My wife and I have been separated for 6 months going on 7. There was no abuse or addictions or maltreatment on either side. There were some issues with my family but we have atleast temporarily cleared them up. We were just growing apart and things became tense and they were getting away from us. I asked for counseling when we first separated but at the time she did not want to go. I am going to ask her again in the next couple days. We still talk daily-2 to 3 times and see each other a couple times a week. However we rarely talk about us and how were going to fix things. When I bring it up she says she just wants to take her time. We tell each other I love you and we do kiss when we see each other but there is really nothing more than that. It feels like were friends. I feel like we are drifting and would like to see some progress. I feel like I'm just sick of coasting. She says she needs that time to find and fix herself but how much more time do I give her? I don't want to let her go because I do love her very much but at the same time I feel like I'm becoming a bit resentful for making me wait with little to no progress. Any advice would be appreciated.


----------



## Harris (Apr 5, 2009)

keep waiting and be nice to her.


----------



## chrs0111 (Jun 29, 2009)

Nobody else has an opinion? Even if you don't want to write, maybe you would atleast express your opinion through the poll.


----------



## Flutterby (Aug 6, 2009)

Are you 100% sure she hasn't met someone that she desires but isn't sure where it's going to go? And being separated gives her the change to get to know this other person while still having you around? 

Otherwise, my guess is that she is holding on because she isn't totally sure what she wants and realizes that it's not final yet... it's easier this way. There is stille someone out there caring about her and she doesn't have to always be alone... 
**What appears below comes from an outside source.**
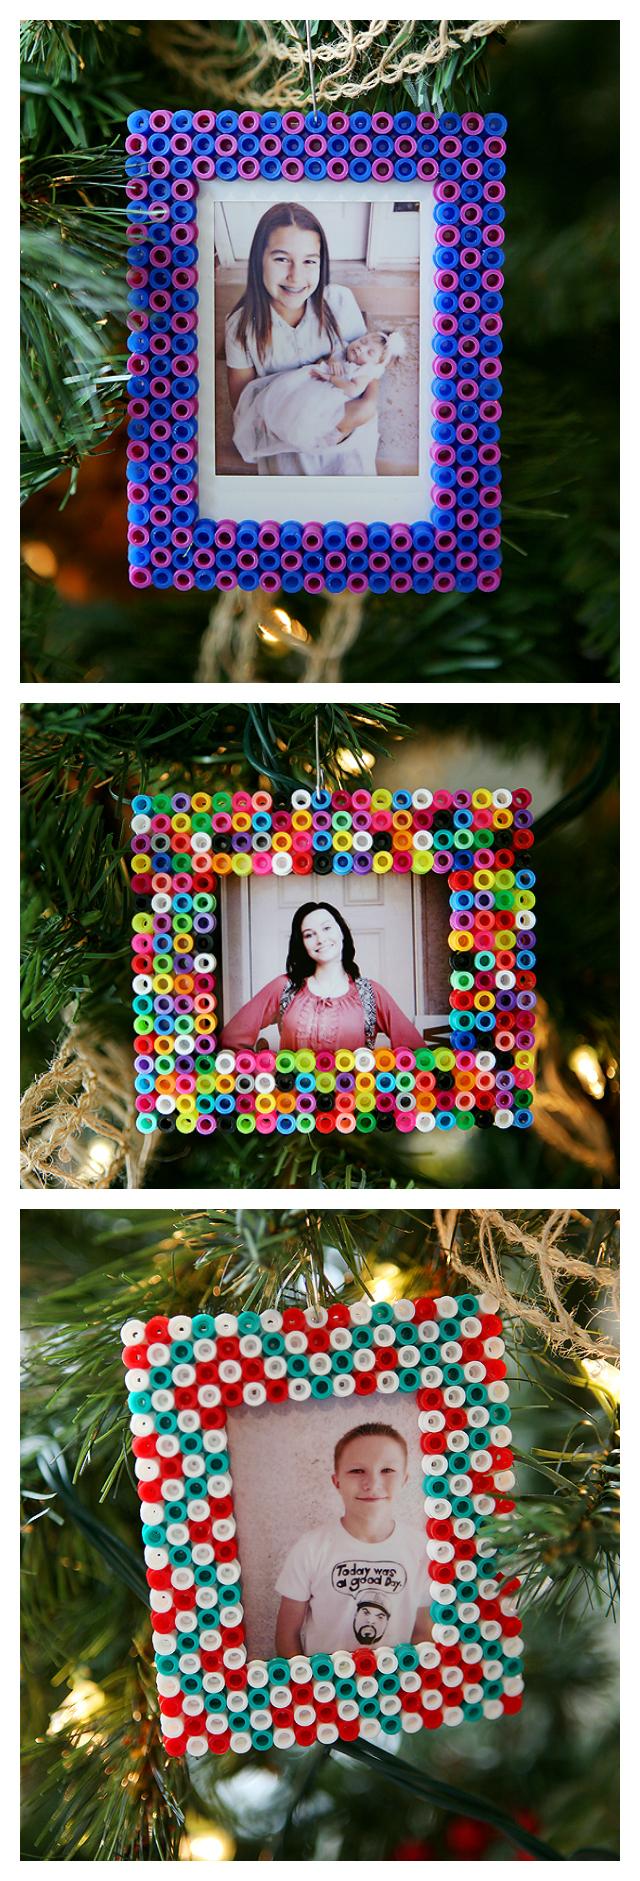 Perler Bead Christmas Ornaments | Ornaments kids can make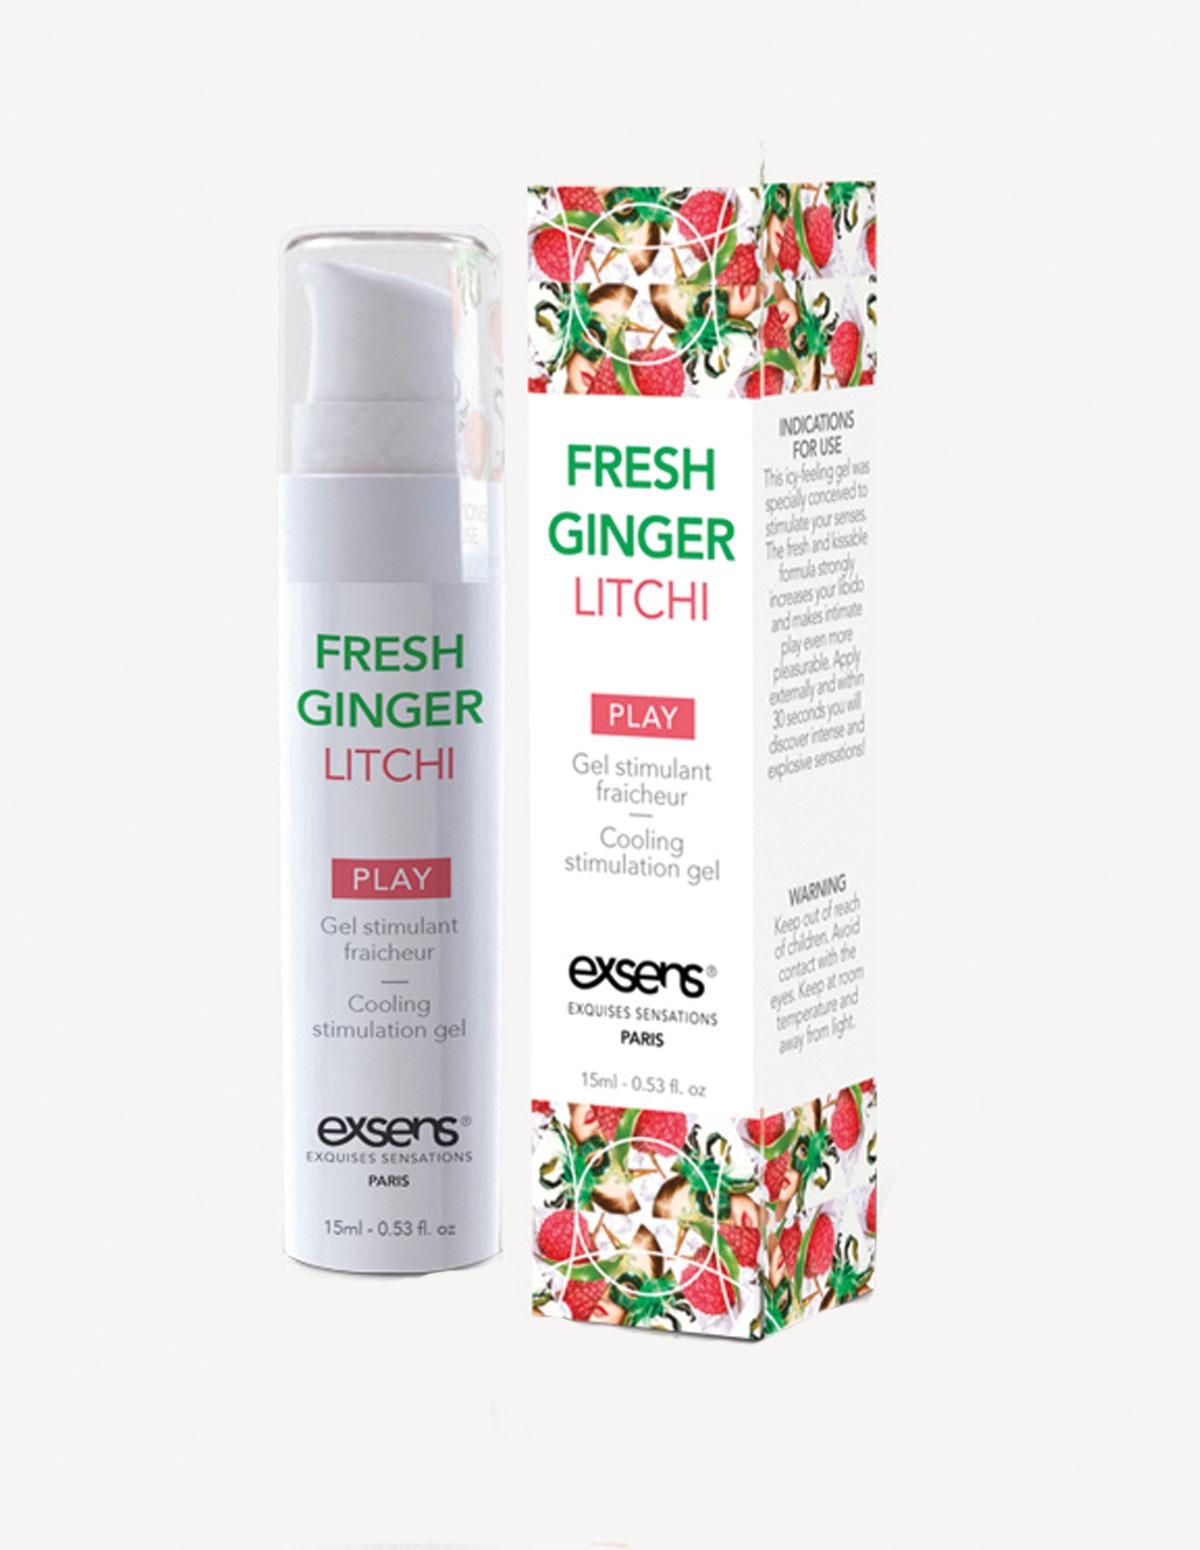 Exsens Ginger Lychee Arousal Gel

If you are feeling no progress after that amount of time - have you guys set separation ground rules - for example, did you agree not to see other people or that you could? Maybe broach that subject if you haven't and see waht her reaction is....?


----------



## Jessica2009 (Aug 8, 2009)

I don't know. Sounds more like you two are somewhat dating than working on a marriage. Do you seem to get along better living apart?


----------



## chrs0111 (Jun 29, 2009)

We have set up rules as far as no dating others while we are still working on things. And I agree that she is confused. I think she loves me very much but what I'm not sure of is if she is in love with me. She seems to really enjoy being around me and we have got along much better since we've been separated. Although that may be in part to the fact that we sold our house which was way too close to my family and she has limited her contact with them which is undoubtedly a stress reducer.


----------



## dobo (Jun 30, 2009)

What does she have to fix? Have you discussed those problems? What steps is she taking to fix them? 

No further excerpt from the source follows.